Simon Wood’s Mushroom Risotto


– 1 vegetable stock cube
– 2 tbsp olive oil
– 1 onion, finely chopped
– 2 garlic cloves, grated
– 250g pack of any mushrooms, chopped
– 300g risotto rice, such as arborio (but use what you have available)
– 2 x 175ml glass white wine (One for you, One for the pan)
– 25g butter
– Handful parsley leaves, chopped or 12 teaspoons of dried
– 50g Veggie parmesan or Grana Padano, freshly grated (if you have it)


1. Crumble 1 vegetable stock cube 700ml boiling water.
2. Heat 2 tbsp olive oil in a shallow saucepan or deep frying pan over a medium heat. Add 1 finely chopped onion and 2 minced garlic cloves, then fry until soft.
3. Stir in 250g chopped mushrooms, season with salt and pepper and continue to cook for 8 mins until the fresh mushrooms have softened.
4. Add your butter and then tip 300g rice into the pan and cook for 1 min. Pour over a 175ml glass of white wine and let it bubble to nothing so the alcohol evaporates. At this point you can enjoy your glass of wine, I’m partial to a Gavi di Gavi
5. Keep the pan over a medium heat and pour in a quarter of the vegetable stock. Simmer the rice, stirring often, until the rice has absorbed all the liquid.
6. Add about the same amount of stock again and continue to simmer and stir – it should start to become creamy, plump and tender. By the time the final quarter of stock is added, the rice should be almost cooked.
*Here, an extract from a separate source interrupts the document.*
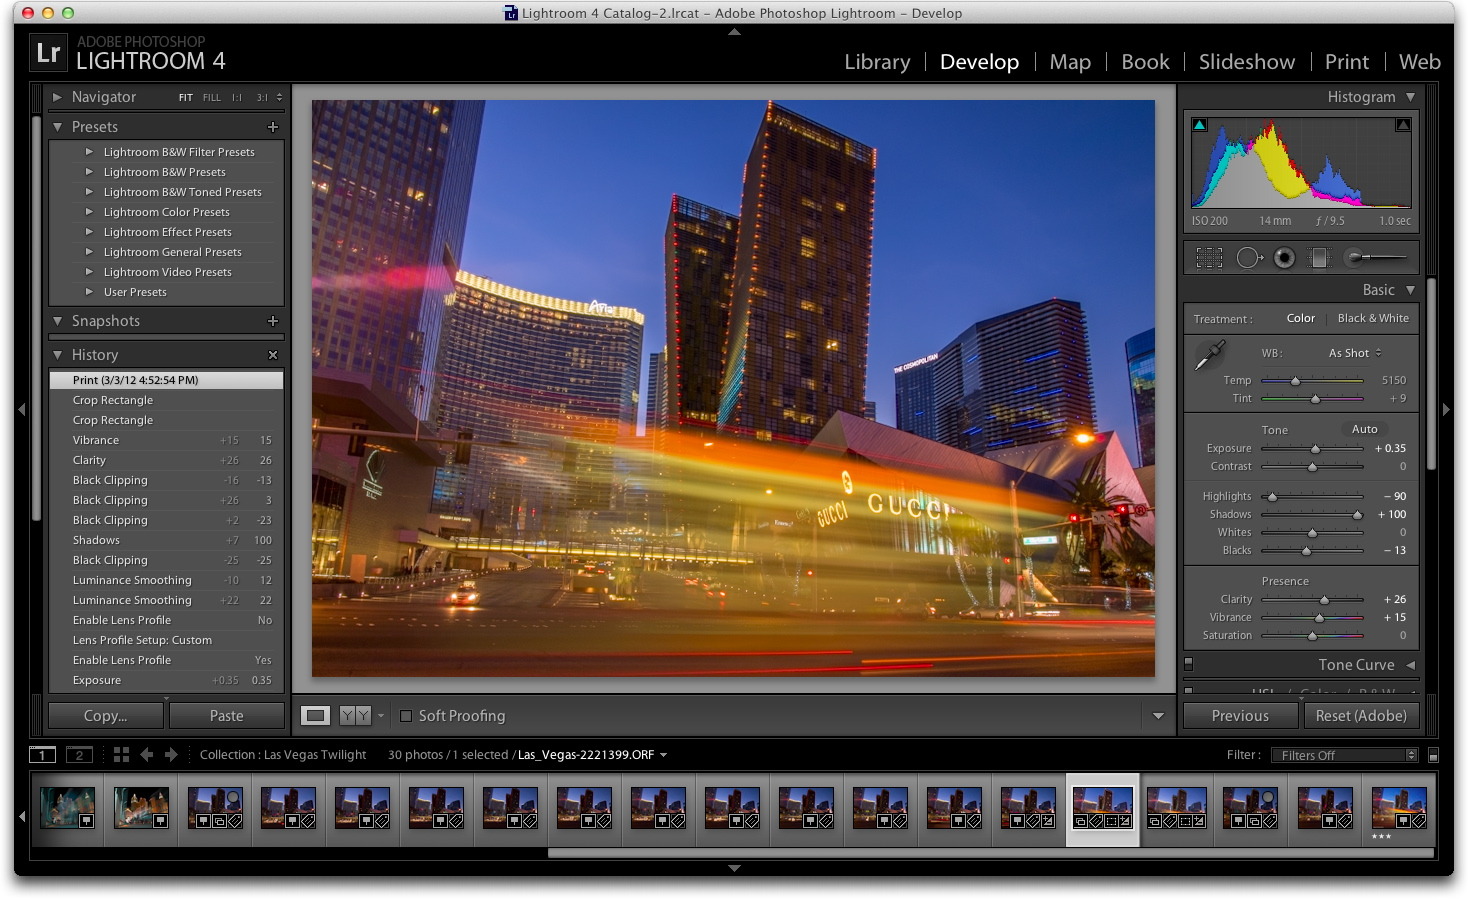 Adobe Photoshop Lightroom 3 Software For Mac

7. Continue stirring until the rice is cooked. If the rice is still undercooked, add a splash of water.
8. Take the pan off the heat, and scatter over 25g grated parmesan or Grana Padano cheese and half a handful of chopped parsley leaves.
9. Cover and leave for a few mins so that the rice can take up any excess liquid as it cools a bit. Give the risotto a final stir, spoon into bowls and scatter with the remaining 25g grated cheese and the remaining chopped parsley leaves.